Un effet de mode et de masse

Cette consommation de protoxyde d’azote n’est pas inédite. Elle était déjà largement perceptible dans les free et rave parties comme l’affirme Sébastien Lose, chercheur auprès de l’Observatoire français des drogues et des toxicomanies à Lille. Il note par ailleurs un certain regain de popularité de la drogue en 2017 : “ à l’été 2017, il y a eu une apparition soudaine et massive de capsules sur le sol et dans de nombreux quartiers.” Cette drogue bon marché séduit des profils divers d’où la difficulté de dresser un type précis de consommateurs. “ Des collégiens, lycéens, en passant par les étudiants ou salariés sans oublier les prostituées, c’est très large” affirme Sébastien Lose. Si le protoxyde d’azote a la cote, c’est en partie à cause de son statut légal, de ses effets fugaces mais aussi de son mode de consommation. Après avoir décapsulé la cartouche à l’aide d’un « cracker », les consommateurs se munissent d’un ballon de baudruche. Et d’ailleurs selon le chercheur, “il y’a un retour à l’enfance qui se fait. Les ballons sont colorés. Cela parait inoffensif.”
 Un prix accessible

IMG_4732Photo d’illustration. Des cartouches de protoxyde d’azote achetées à Alice Délice, magasin spécialisé dans la cuisine à Lille, à 8.49 euros. (©Justine Carrère)

Se procurer du protoxyde d’azote est très facile : rayons de supermarchés, sites web, magasins spécialisés dans la pâtisserie et la cuisine… Désormais les night shops allongent même cette liste ainsi que quelques bars à chicha et bien sûr, les réseaux sociaux. Pour ces derniers, les acheteurs sont essentiellement des consommateurs de gaz hilarant. La pratique est d’ailleurs très visible aux alentours des night shops et des lieux de fête : les capsules vidées sont laissées à même le sol. A Lille, dans un night shop, si à première vue aucune cartouche n’est rangée en rayon, c’est parce qu’elles sont gardées précieusement derrière le comptoir. Et il en est désormais de même chez Alice Delice, une chaîne de magasins spécialisée dans la cuisine. Suite à plusieurs vols, la gérante a choisi de les cacher de la vue de tous. Il est clair que cette nouvelle drogue euphorisante séduit.

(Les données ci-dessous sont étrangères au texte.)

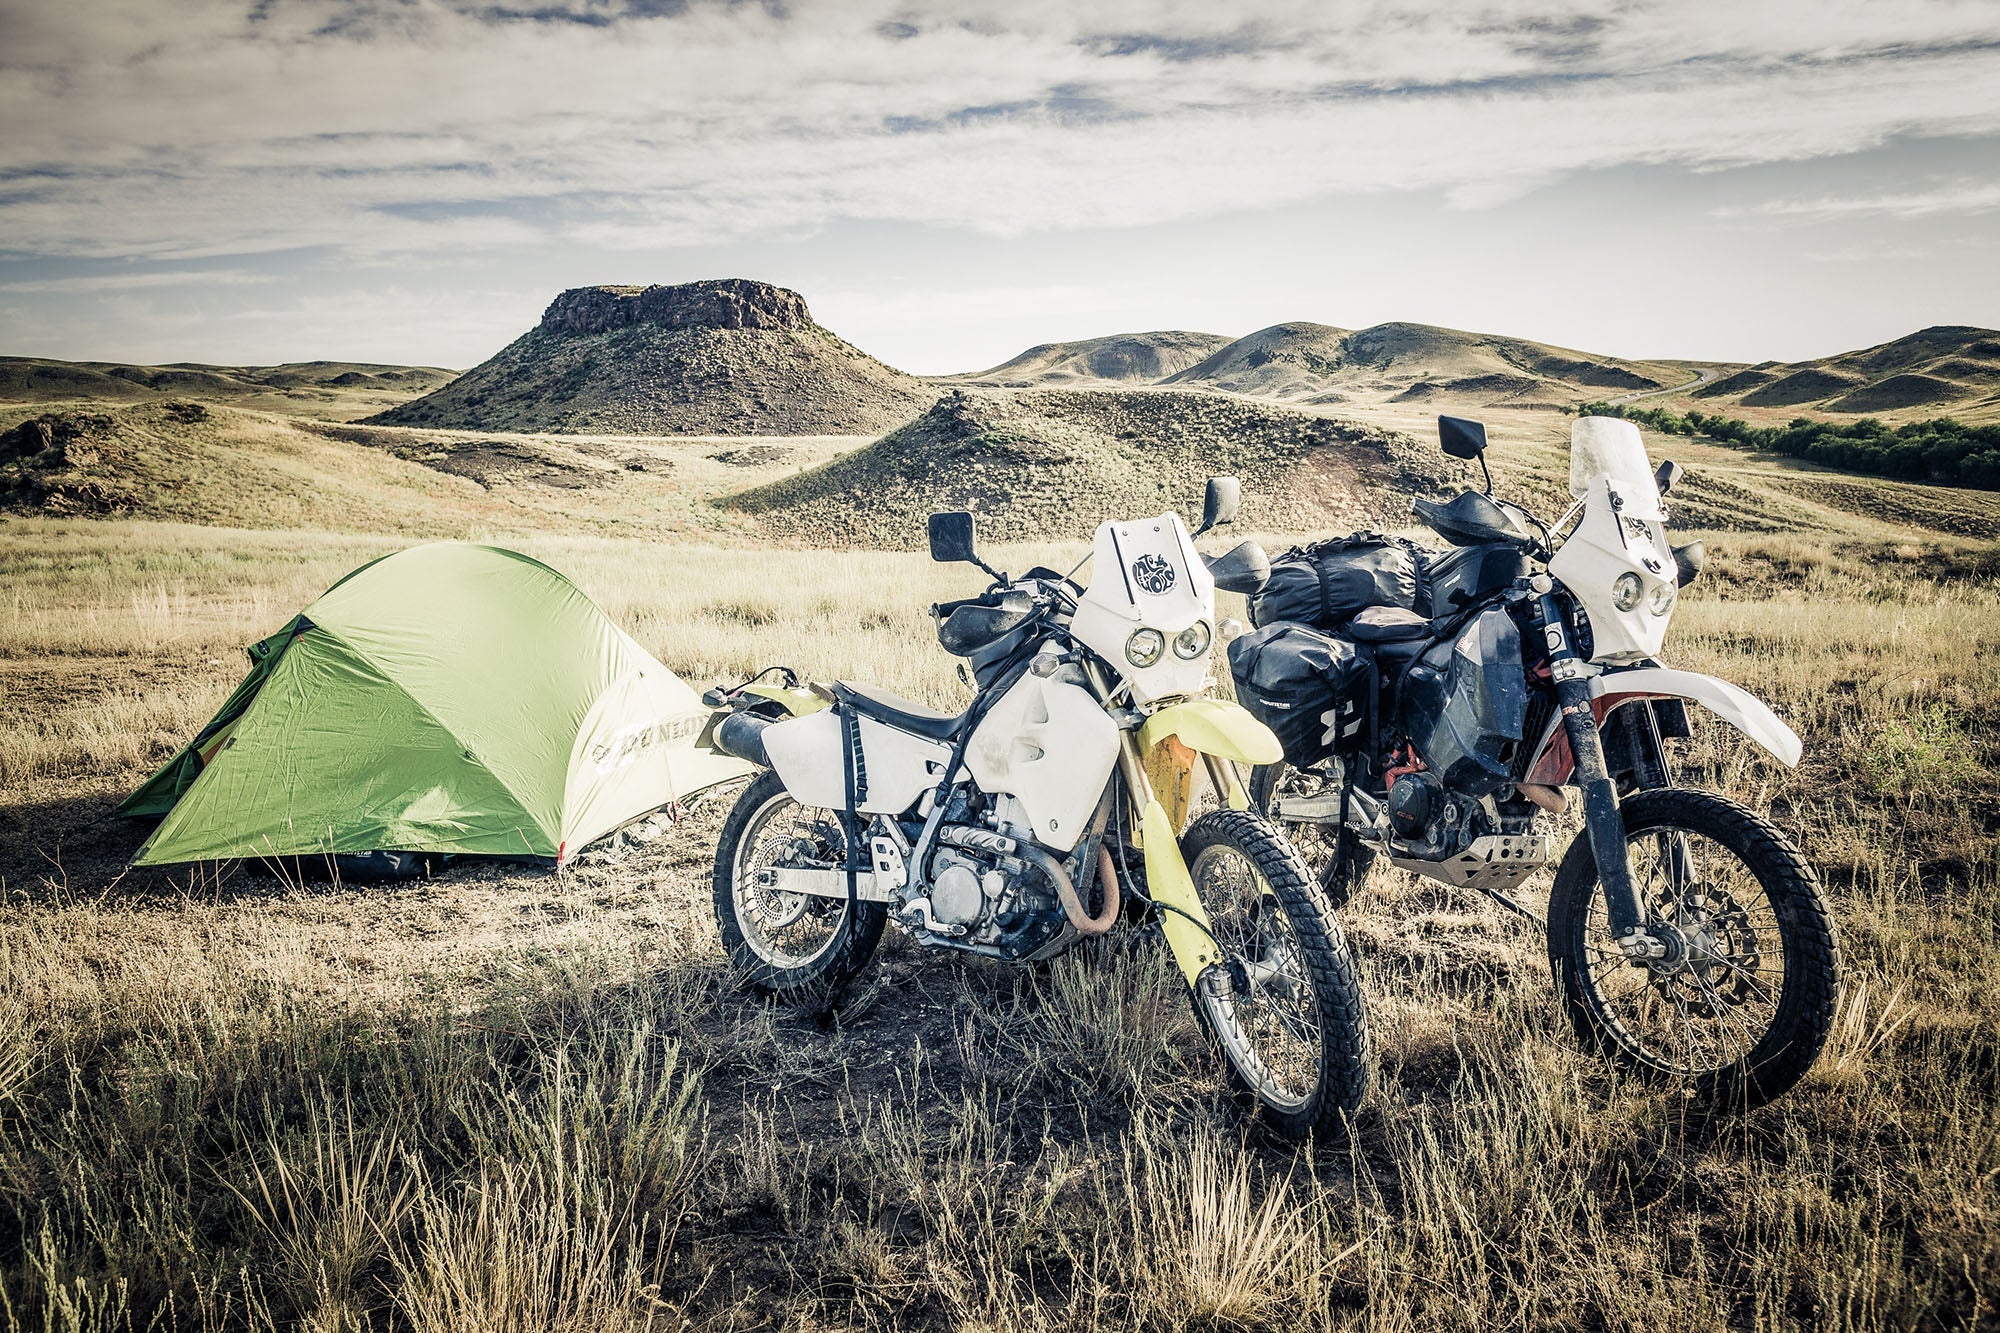 Motorcycle riding in Mongolia

Un produit consommé à l’international

En octobre dernier à Amsterdam, les magasins spécialisés dans la vente de produits à vapoter mettaient également en avant les cartouches et les « crackers », utilisés pour ouvrir ces dernières. Selon le gérant de l’un de ces magasins, cela faisait environ sept mois que le phénomène est devenu populaire dans la capitale néerlandaise. D’après un ancien participant et organisateur** de soirée, le « proto » était de la partie, « peut-être pas à toutes les soirées mais j’ai déjà ramassé quelques kilos de cartouches vides ». Il ajoute : « d’ailleurs, les consommateurs sont pour la plupart assez mal vus, car, généralement, ils laissent traîner leurs cartouches et ballons partout ! ». Et oui, l’un des inconvénients majeurs de l’usage du protoxyde d’azote outre que le problème de santé publique, c’est aussi un problème environnemental pour les villes concernées. Les trottoirs alors défigurés par toutes ces cartouches dans les rues, entraînant la colère des maires et des élus locaux déjà occupés par le risque sanitaire.

Alors que le protoxyde d’azote séduit les consommateurs par son bas prix et ses effets euphorisant, il faut tout de même en rappeler les conséquences. La consommation régulière et à outrance de cette substance, peut avoir de réels effets dévastateurs pour l’organisme : maux de tête, vomissement, asphyxie ou encore sclérose combinée de la moelle épinière.